The criminal justice response to the March 2004 violence provides a useful yardstick by which to measure progress on accountability efforts in the province generally. After almost seven years of international administration, the authorities should have had sufficient time to address the shortcomings in the legal framework, the police, the prosecuting authorities and the courts. Moreover, in the wake of the March violence, there was an unequivocal commitment from the international community that those responsible would be brought to justice.

Yet the report analyzes the failure to bring to justice many of those responsible for the violence. Key factors include:

  • Inadequate preparation and training for the impact of major reforms to the criminal justice system introduced three weeks after the March riots. For example, the reforms gave prosecutors a central role in investigations, a shift in responsibility for which none of the players were adequately prepared.
  • The creation of a special, separate international police operation to investigate March cases, which was inadequate, de-linked from the mainstream investigation process and ultimately failed.
  • Ineffective policing, including lack of follow-up, poor coordination between international and national police, and inadequate collaboration with prosecutors.
  • Inadequate witness protection measures.
  • Inadequate oversight and prioritization of the criminal justice system by the United Nations administration in Kosovo.

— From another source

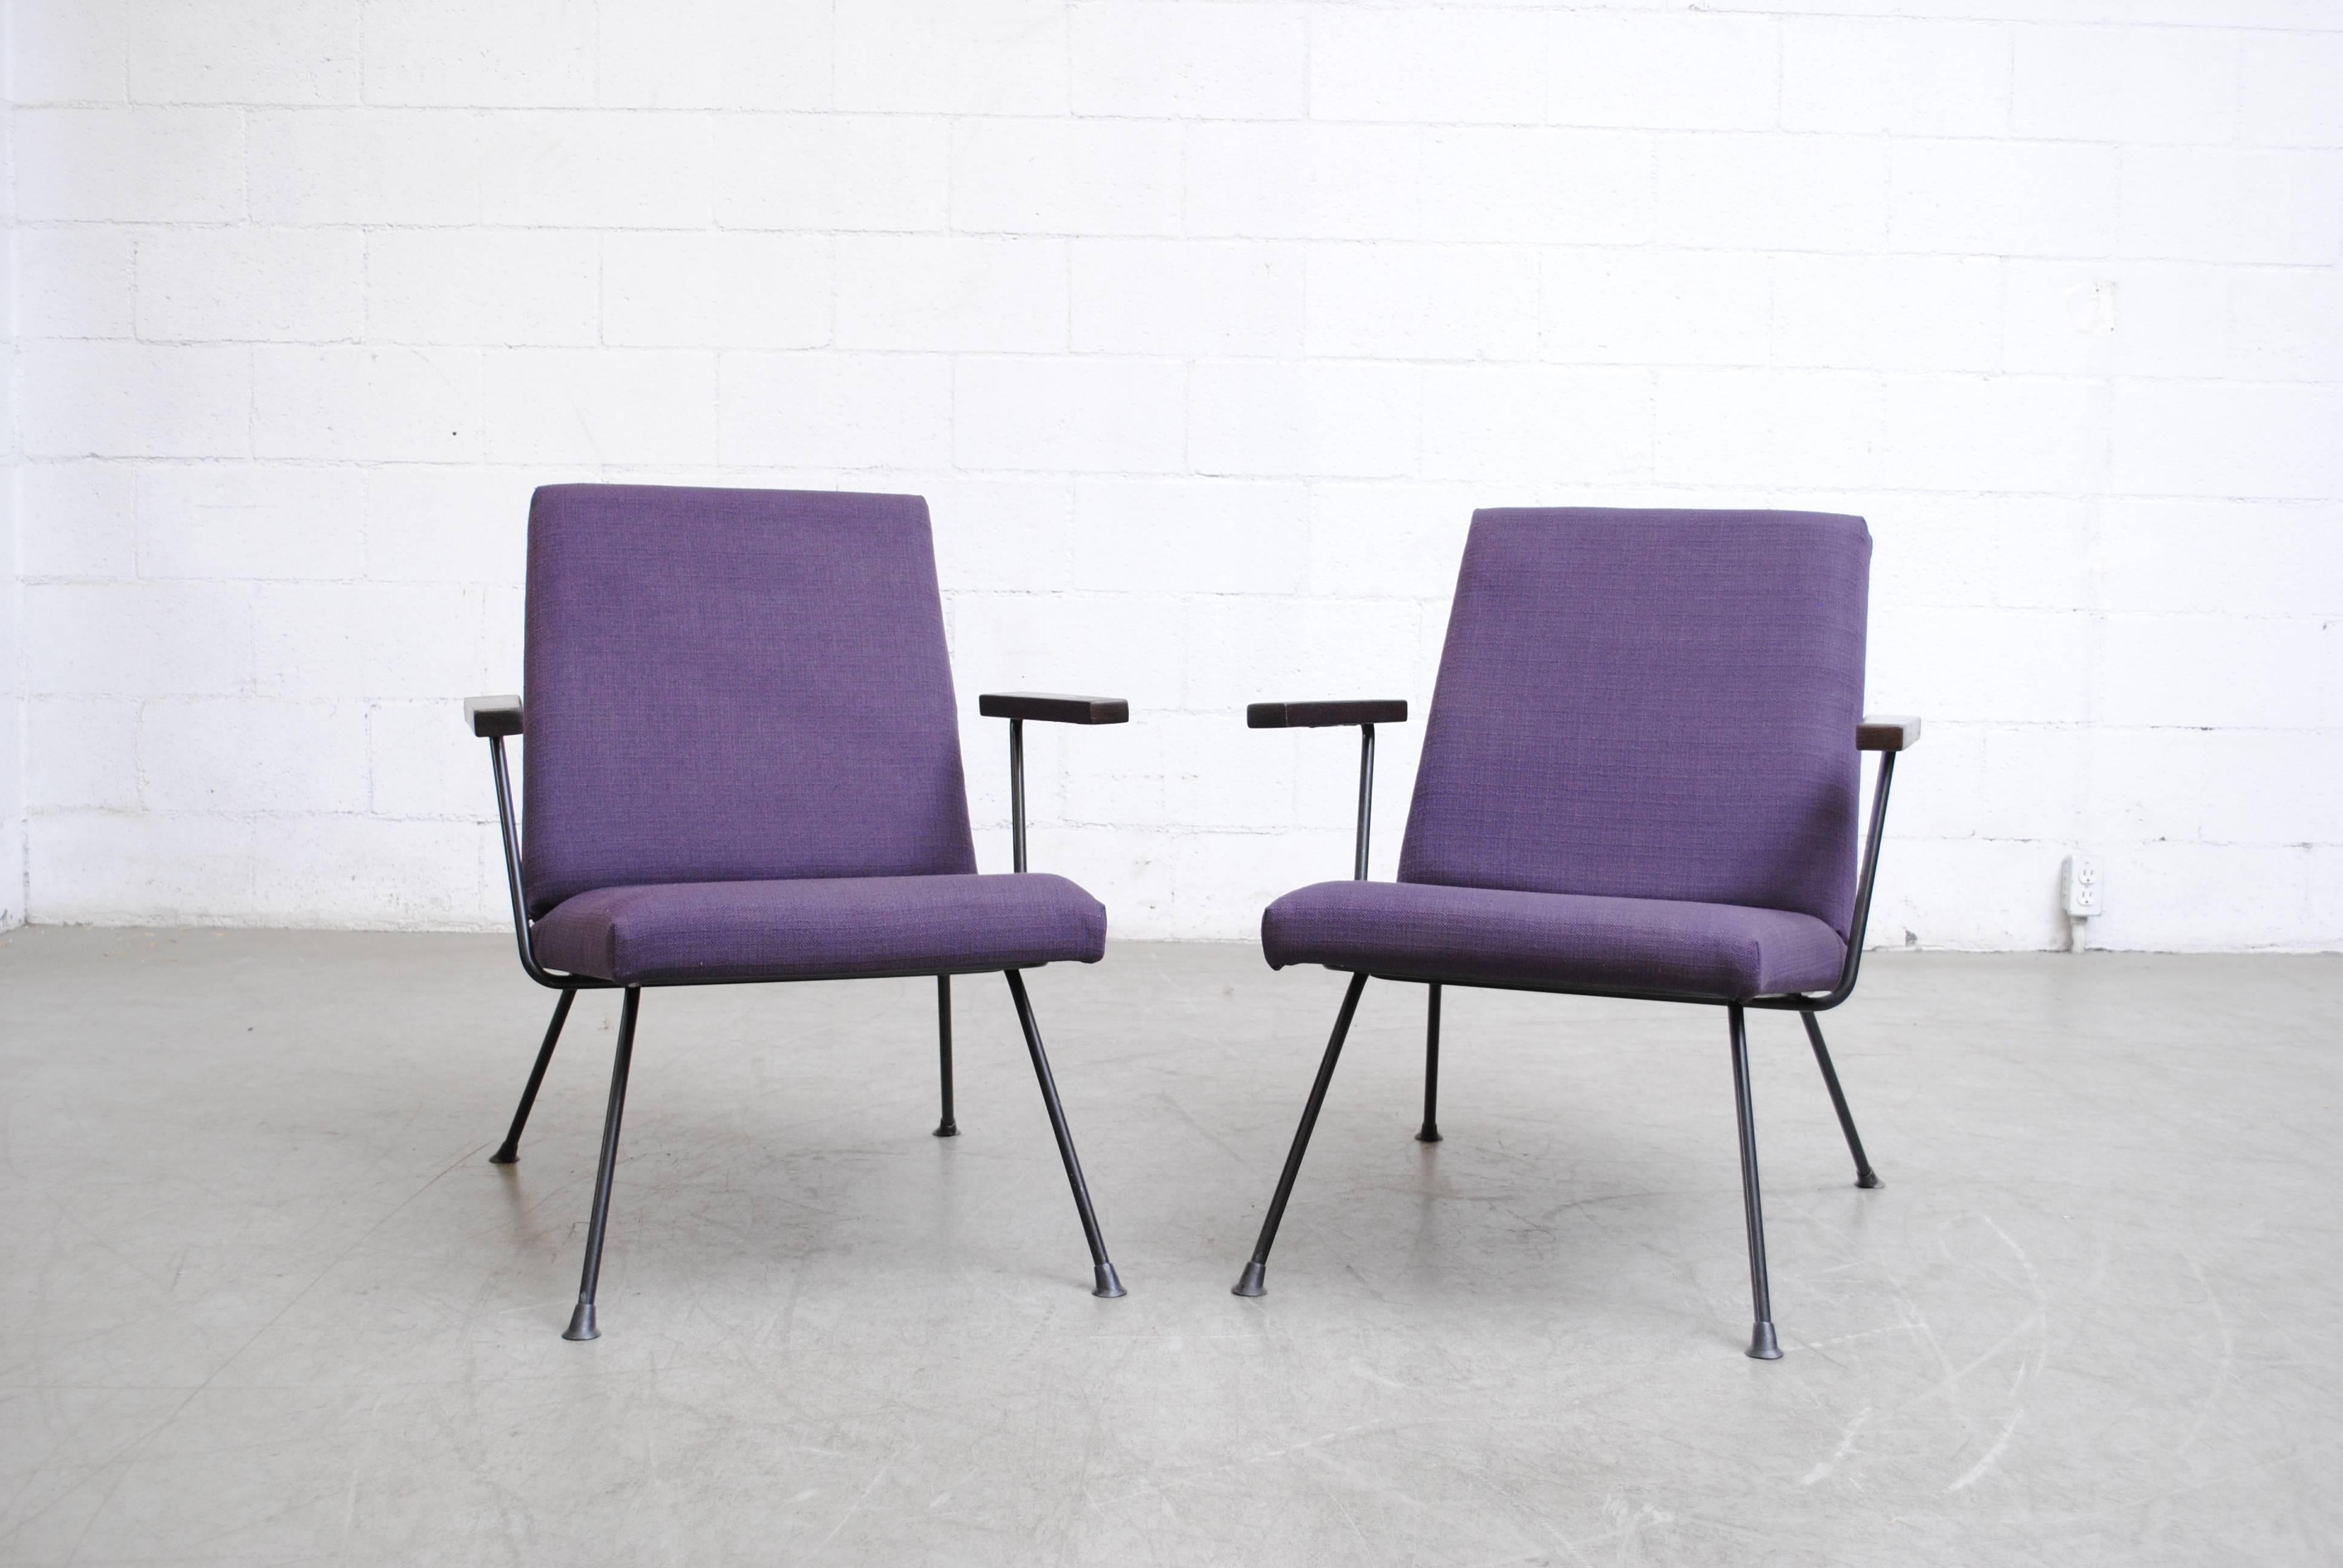 Pair of newly upholstered, A.R Cordemeyer designed, plum Gispen 1409 chairs with wenge armrests and black enameled metal frame. Frames in good original condition. Fabric color is more vibrant in the photo than in reality. Manufactured in 1959. Set

“No one should pretend that building the rule of law in Kosovo is easy,” said Cartner. “But there are plenty of basic steps – like making sure that prosecutors are properly trained and institutions work together – that can make a big difference today.”

The inadequate criminal justice response to violence in March 2004 symbolizes one of the greatest problems faced by Kosovo today: rampant impunity for crime, particularly where it has a political or ethnic dimension. The track record on investigating and prosecuting war crimes and inter-ethnic crimes prior to March 2004 is also extremely poor.

The result is the continuation of a cycle of impunity and the reinforcement of the belief in all communities in Kosovo – majority and minority alike – that the criminal justice system is neither reliable nor in the service of the people. Minorities, particularly Kosovar Serbs, have less faith than ever that they can live safely in Kosovo.

“Not on the Agenda” also highlights the absence of an effective outreach strategy to inform affected communities about the outcome of investigations and prosecutions arising from the March 2004 violence, and the lack of transparency in the system. This makes it difficult for people to obtain basic information about the outcome of criminal cases and for groups to monitor the system as a whole.

The report calls on key actors in Kosovo, including the United Nations, the Organization for Security and Cooperation in Europe, the police and the provisional government in Kosovo, to take immediate steps to tackle the criminal justice system. These include: ensuring proper oversight of the courts; developing an action plan to establish a judicial police branch to work directly with investigative prosecutors; increasing collaboration between international and national police, prosecutors and judges; and establishing a more effective witness protection system.

The report urges the six-nation Contact Group and the European Union to prioritize accountability in their policies toward Kosovo, including by ensuring that a functioning criminal justice system is accepted by all parties as integral to the successful resolution of Kosovo’s status, and providing the material support necessary to enable the creation of an effective system for witness relocation and protection.